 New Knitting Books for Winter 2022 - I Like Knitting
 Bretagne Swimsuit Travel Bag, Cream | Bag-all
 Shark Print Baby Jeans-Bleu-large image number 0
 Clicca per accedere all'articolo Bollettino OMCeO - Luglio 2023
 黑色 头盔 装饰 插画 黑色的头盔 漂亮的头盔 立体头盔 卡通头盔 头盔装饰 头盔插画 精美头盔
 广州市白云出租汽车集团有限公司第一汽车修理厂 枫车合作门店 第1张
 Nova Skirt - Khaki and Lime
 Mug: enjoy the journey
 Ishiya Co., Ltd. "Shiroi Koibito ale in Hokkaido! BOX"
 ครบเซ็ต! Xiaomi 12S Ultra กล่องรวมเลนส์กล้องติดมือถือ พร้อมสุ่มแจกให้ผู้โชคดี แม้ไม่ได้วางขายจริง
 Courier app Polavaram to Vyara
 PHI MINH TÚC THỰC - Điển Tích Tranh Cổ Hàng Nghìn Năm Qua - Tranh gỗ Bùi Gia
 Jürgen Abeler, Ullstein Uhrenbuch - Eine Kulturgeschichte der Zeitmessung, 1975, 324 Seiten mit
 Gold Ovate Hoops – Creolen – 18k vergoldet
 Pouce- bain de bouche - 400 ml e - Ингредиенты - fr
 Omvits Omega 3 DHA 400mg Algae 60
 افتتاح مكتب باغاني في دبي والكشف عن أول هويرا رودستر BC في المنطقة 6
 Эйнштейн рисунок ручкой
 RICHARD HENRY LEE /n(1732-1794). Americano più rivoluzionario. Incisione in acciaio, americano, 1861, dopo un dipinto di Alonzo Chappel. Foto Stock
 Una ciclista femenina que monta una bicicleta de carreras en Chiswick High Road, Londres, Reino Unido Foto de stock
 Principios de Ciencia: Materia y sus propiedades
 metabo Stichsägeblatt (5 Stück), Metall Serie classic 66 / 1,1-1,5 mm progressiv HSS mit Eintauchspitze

--*--

**YOUR TASK:** With nothing left out, copy the data above exactly.

**YOUR RESPONSE:**
 New Knitting Books for Winter 2022 - I Like Knitting
 Bretagne Swimsuit Travel Bag, Cream | Bag-all
 Shark Print Baby Jeans-Bleu-large image number 0
 Clicca per accedere all'articolo Bollettino OMCeO - Luglio 2023
 黑色 头盔 装饰 插画 黑色的头盔 漂亮的头盔 立体头盔 卡通头盔 头盔装饰 头盔插画 精美头盔
 广州市白云出租汽车集团有限公司第一汽车修理厂 枫车合作门店 第1张
 Nova Skirt - Khaki and Lime
 Mug: enjoy the journey
 Ishiya Co., Ltd. "Shiroi Koibito ale in Hokkaido! BOX"
 ครบเซ็ต! Xiaomi 12S Ultra กล่องรวมเลนส์กล้องติดมือถือ พร้อมสุ่มแจกให้ผู้โชคดี แม้ไม่ได้วางขายจริง
 Courier app Polavaram to Vyara
 PHI MINH TÚC THỰC - Điển Tích Tranh Cổ Hàng Nghìn Năm Qua - Tranh gỗ Bùi Gia
 Jürgen Abeler, Ullstein Uhrenbuch - Eine Kulturgeschichte der Zeitmessung, 1975, 324 Seiten mit
 Gold Ovate Hoops – Creolen – 18k vergoldet
 Pouce- bain de bouche - 400 ml e - Ингредиенты - fr
 Omvits Omega 3 DHA 400mg Algae 60
 افتتاح مكتب باغاني في دبي والكشف عن أول هويرا رودستر BC في المنطقة 6
 Эйнштейн рисунок ручкой
 RICHARD HENRY LEE /n(1732-1794). Americano più rivoluzionario. Incisione in acciaio, americano, 1861, dopo un dipinto di Alonzo Chappel. Foto Stock
 Una ciclista femenina que monta una bicicleta de carreras en Chiswick High Road, Londres, Reino Unido Foto de stock
 Principios de Ciencia: Materia y sus propiedades
 metabo Stichsägeblatt (5 Stück), Metall Serie classic 66 / 1,1-1,5 mm progressiv HSS mit Eintauchspitze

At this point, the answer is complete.